■ Work order:
The required output is the exact run of lines from the one that contains "Firestone Walker Cinnamon Dolce Nitro Stout" to the end of the data, with every picture left out.

■ Data:
= = = =

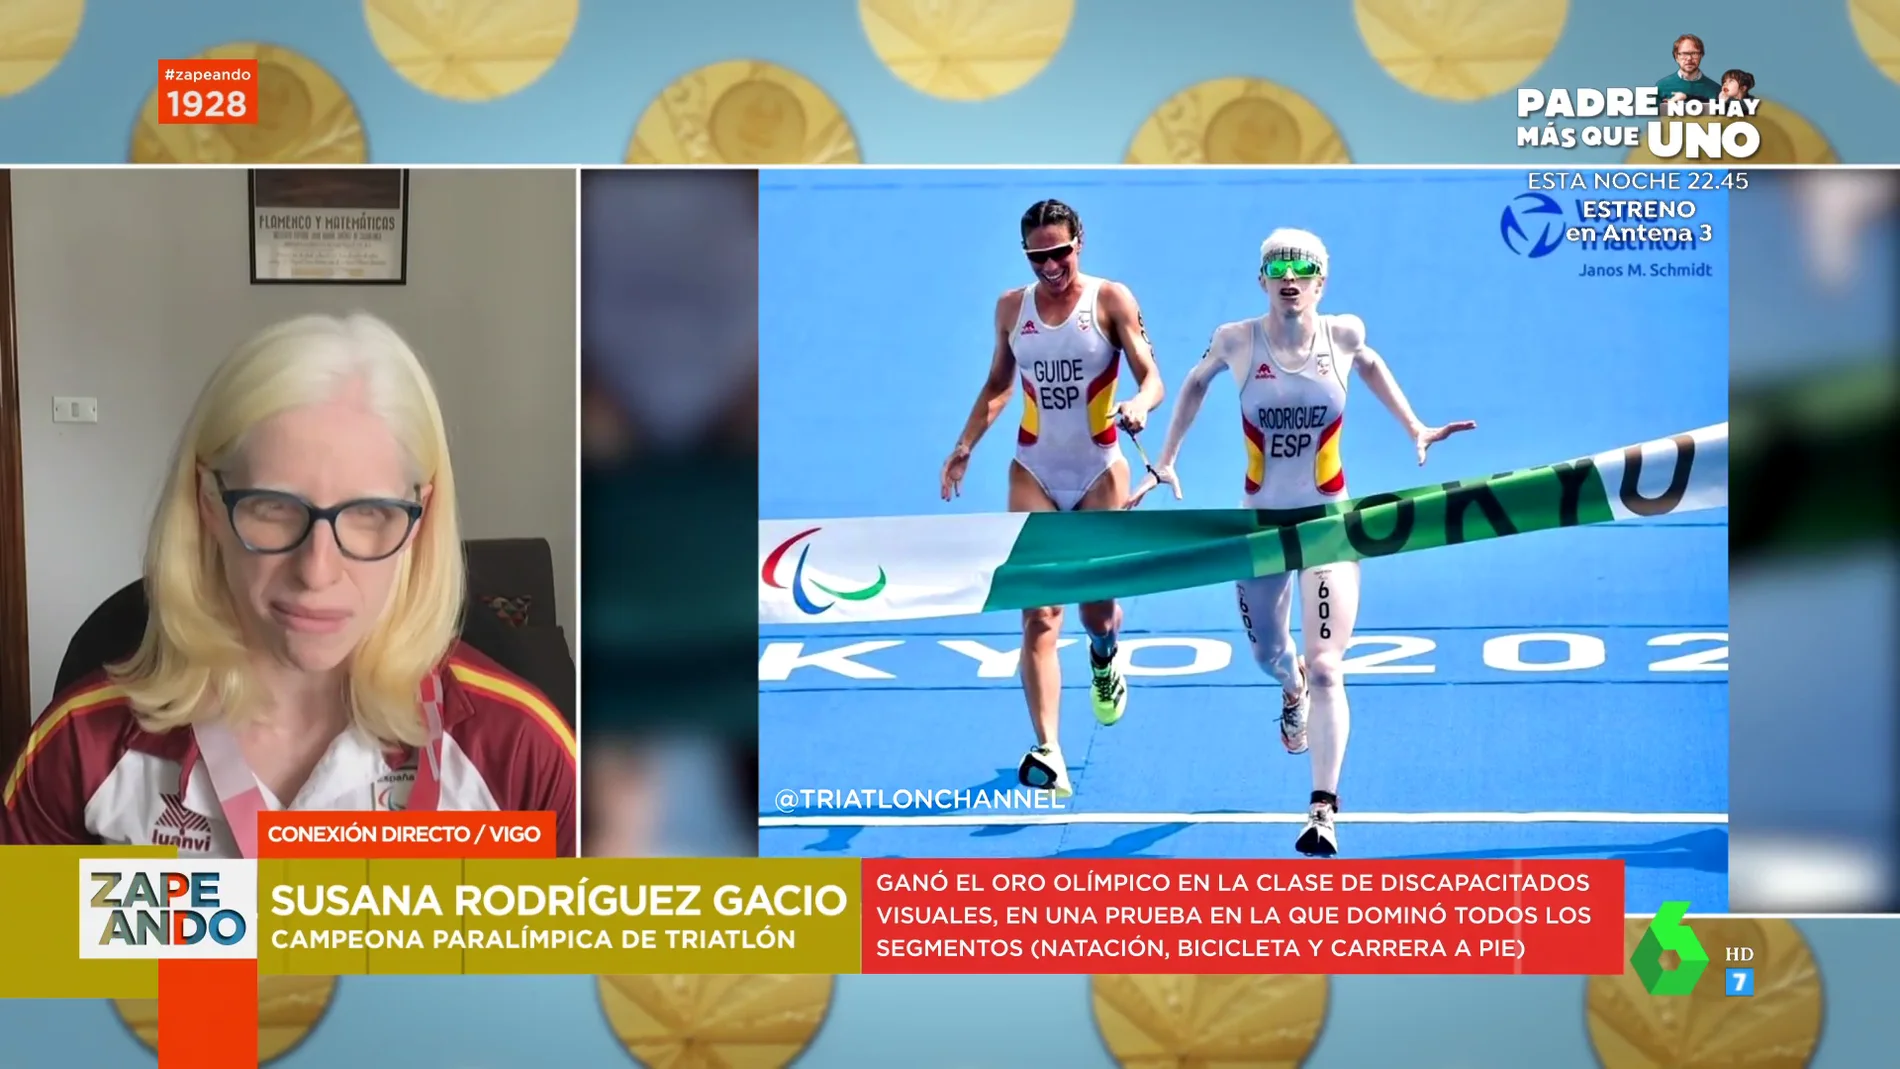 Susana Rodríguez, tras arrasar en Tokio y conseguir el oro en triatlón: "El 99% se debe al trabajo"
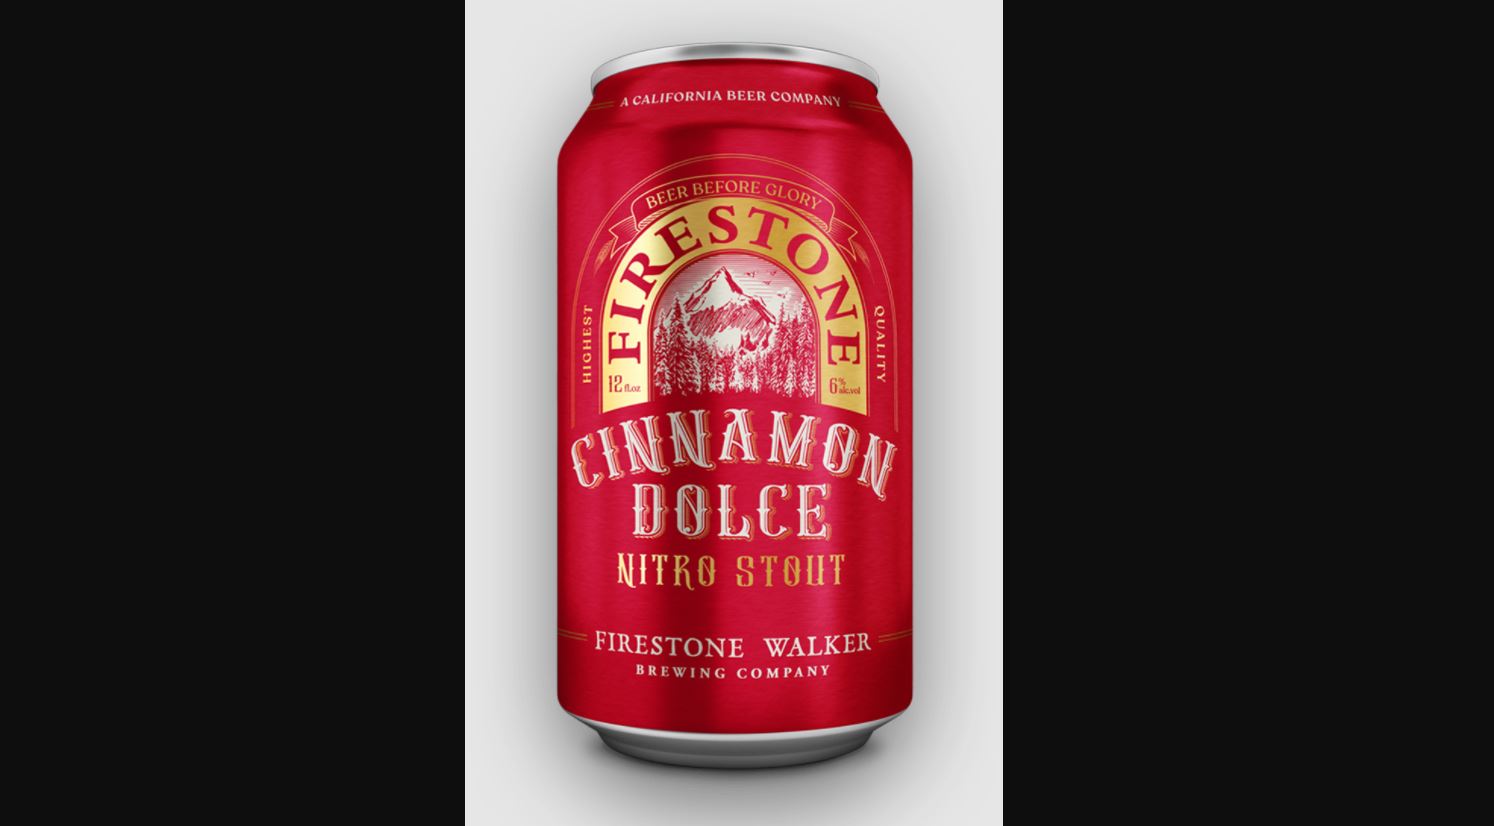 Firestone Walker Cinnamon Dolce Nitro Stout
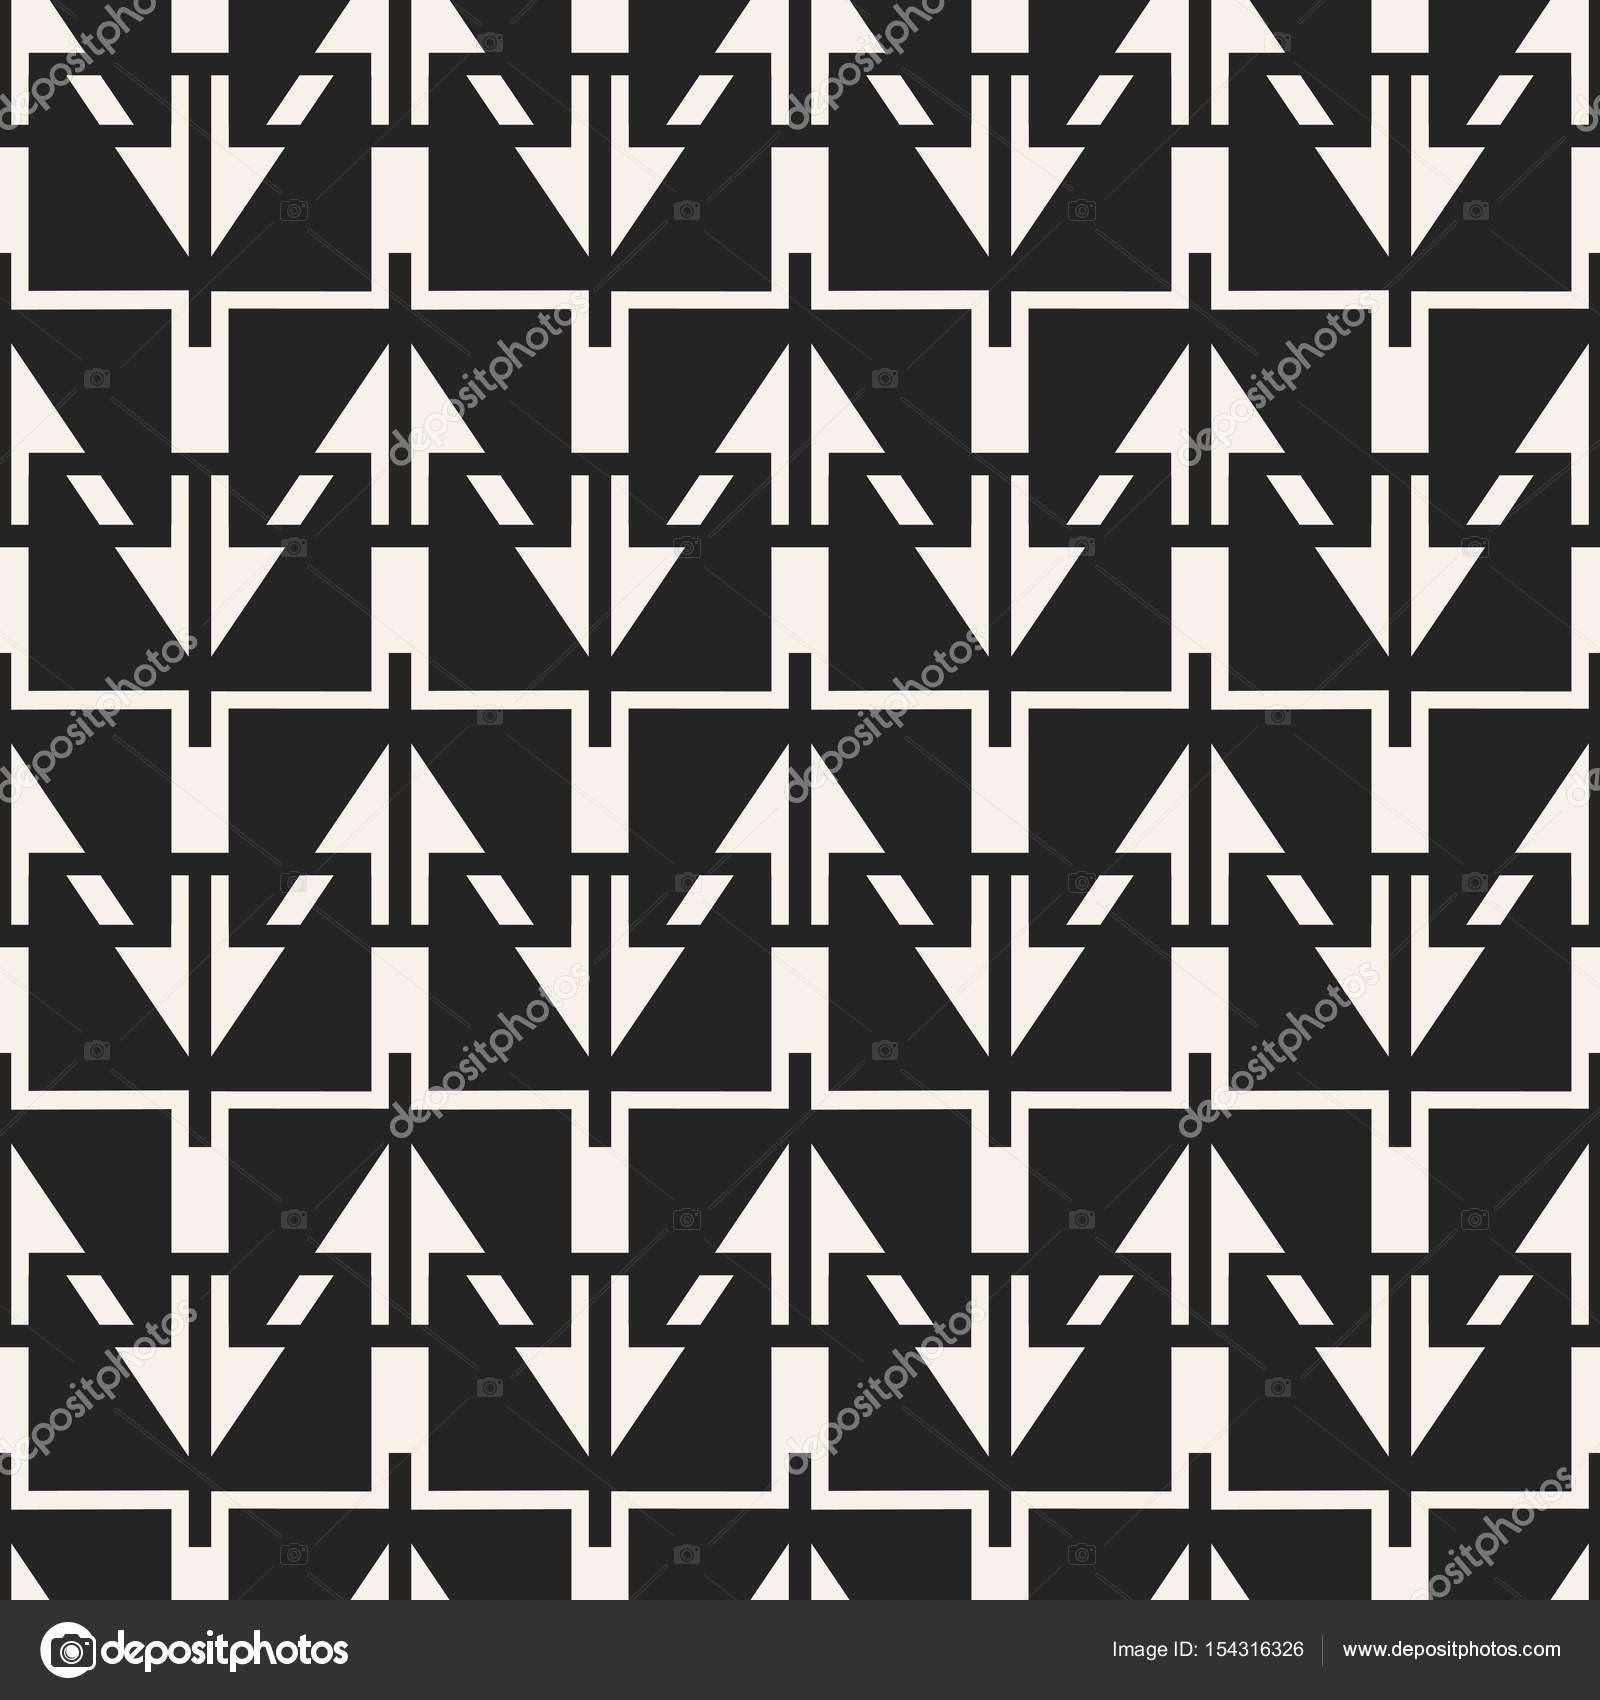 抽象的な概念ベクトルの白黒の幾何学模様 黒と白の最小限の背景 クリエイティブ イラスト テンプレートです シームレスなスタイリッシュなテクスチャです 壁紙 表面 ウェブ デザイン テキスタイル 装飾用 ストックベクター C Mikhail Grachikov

= = = =

■ Answer space:
 Firestone Walker Cinnamon Dolce Nitro Stout
 抽象的な概念ベクトルの白黒の幾何学模様 黒と白の最小限の背景 クリエイティブ イラスト テンプレートです シームレスなスタイリッシュなテクスチャです 壁紙 表面 ウェブ デザイン テキスタイル 装飾用 ストックベクター C Mikhail Grachikov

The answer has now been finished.